Question

an inverted conical water tank with a height of 20 ft and a radius of 8 ft is drained through a hole in the vertex (bottom) at a rate of 4 ft^3/sec. Find the rate of change of the water depth when the water depth is 10 ft.

Answer 1

Answer:

the rate of change of the water depth when the water depth is 10 ft is;  $\mathbf{\dfrac{dh}{dt} = \dfrac{-25}{100 \pi} \ \ ft/s}$

Step-by-step explanation:

Given that:

the inverted conical water tank with a height of 20 ft and a radius of 8 ft  is drained through a hole in the vertex (bottom) at a rate of 4 ft^3/sec.

We are meant to find the  rate of change of the water depth when the water depth is 10 ft.

The diagrammatic expression below clearly interprets the question.

From the image below, assuming h = the depth of the tank at  a time t and r = radius of the cone shaped at a time t

Then the similar triangles  ΔOCD and ΔOAB is as follows:

$\dfrac{h}{r}= \dfrac{20}{8}$    ( similar triangle property)
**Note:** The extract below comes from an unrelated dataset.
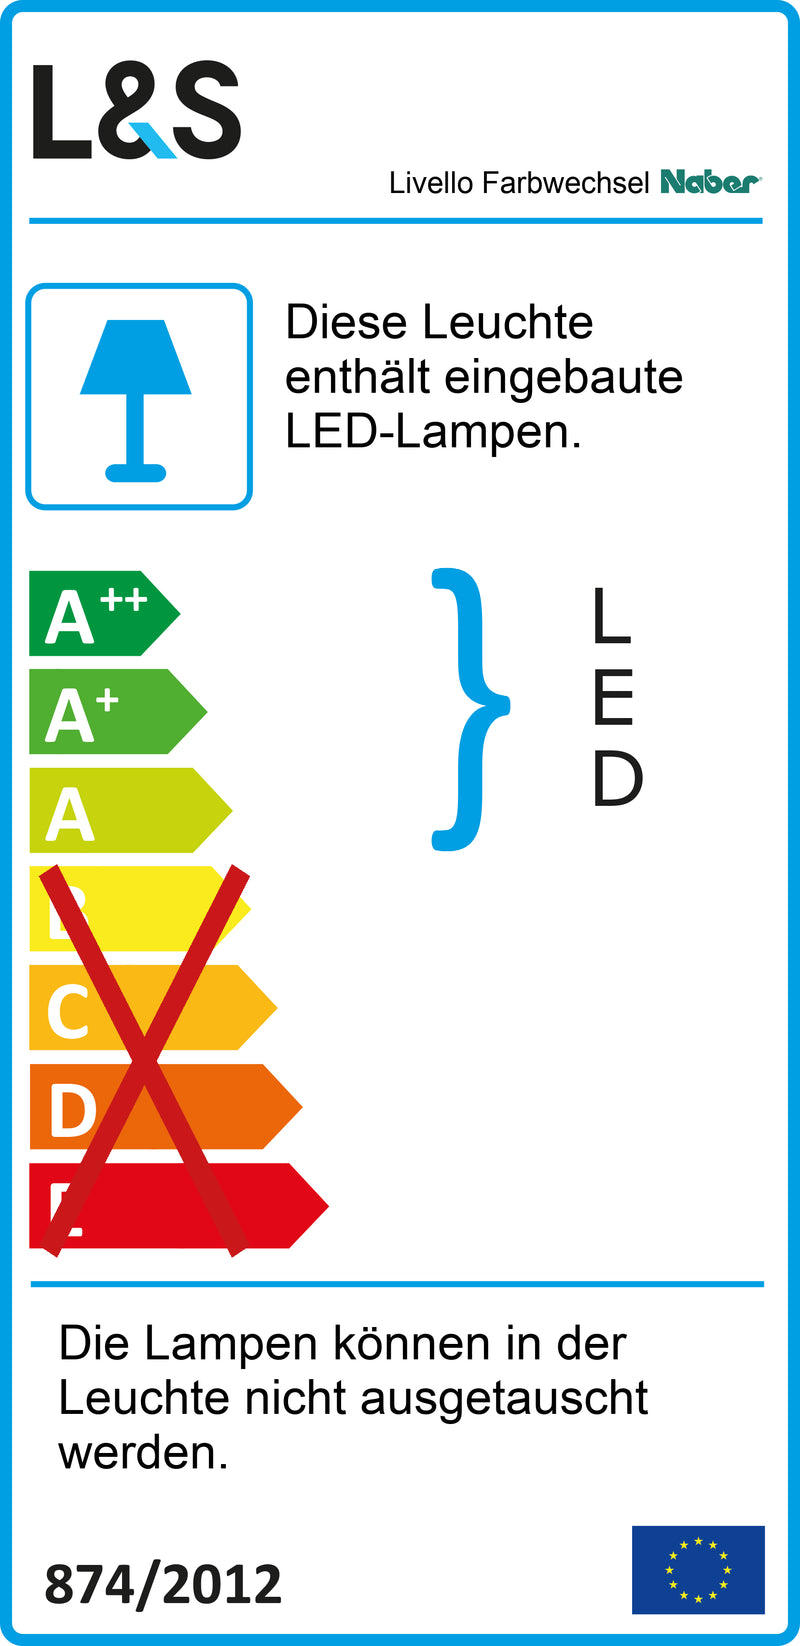 E-Label zu Zeichnung zu Livello Farbwechsel LED als Variante Set-2, schwarz von Naber GmbH in der Kategorie Lichttechnik in Österreich auf conceptshop.at

$\dfrac{h}{r}= \dfrac{5}{2}$

$\dfrac{h}{r}= 2.5$

h = 2.5r

$r = \dfrac{h}{2.5}$

The volume of the water in the tank is represented by the equation:

$V = \dfrac{1}{3} \pi r^2 h$

$V = \dfrac{1}{3} \pi (\dfrac{h^2}{6.25}) h$

$V = \dfrac{1}{18.75} \pi \ h^3$

The rate of change of the water depth  is :

$\dfrac{dv}{dt}= \dfrac{\pi r^2}{6.25}\ \dfrac{dh}{dt}$

Since the water is drained  through a hole in the vertex (bottom) at a rate of 4 ft^3/sec

Then,

$\dfrac{dv}{dt}= - 4 \ ft^3/sec$

Therefore,

$-4 = \dfrac{\pi r^2}{6.25}\ \dfrac{dh}{dt}$

the rate of change of the water at depth h = 10 ft is:

$-4 = \dfrac{ 100 \ \pi }{6.25}\ \dfrac{dh}{dt}$

$100 \pi \dfrac{dh}{dt} = -4 \times 6.25$

$100 \pi \dfrac{dh}{dt} = -25$

$\dfrac{dh}{dt} = \dfrac{-25}{100 \pi}$

Thus, the rate of change of the water depth when the water depth is 10 ft is;  $\mathtt{\dfrac{dh}{dt} = \dfrac{-25}{100 \pi} \ \ ft/s}$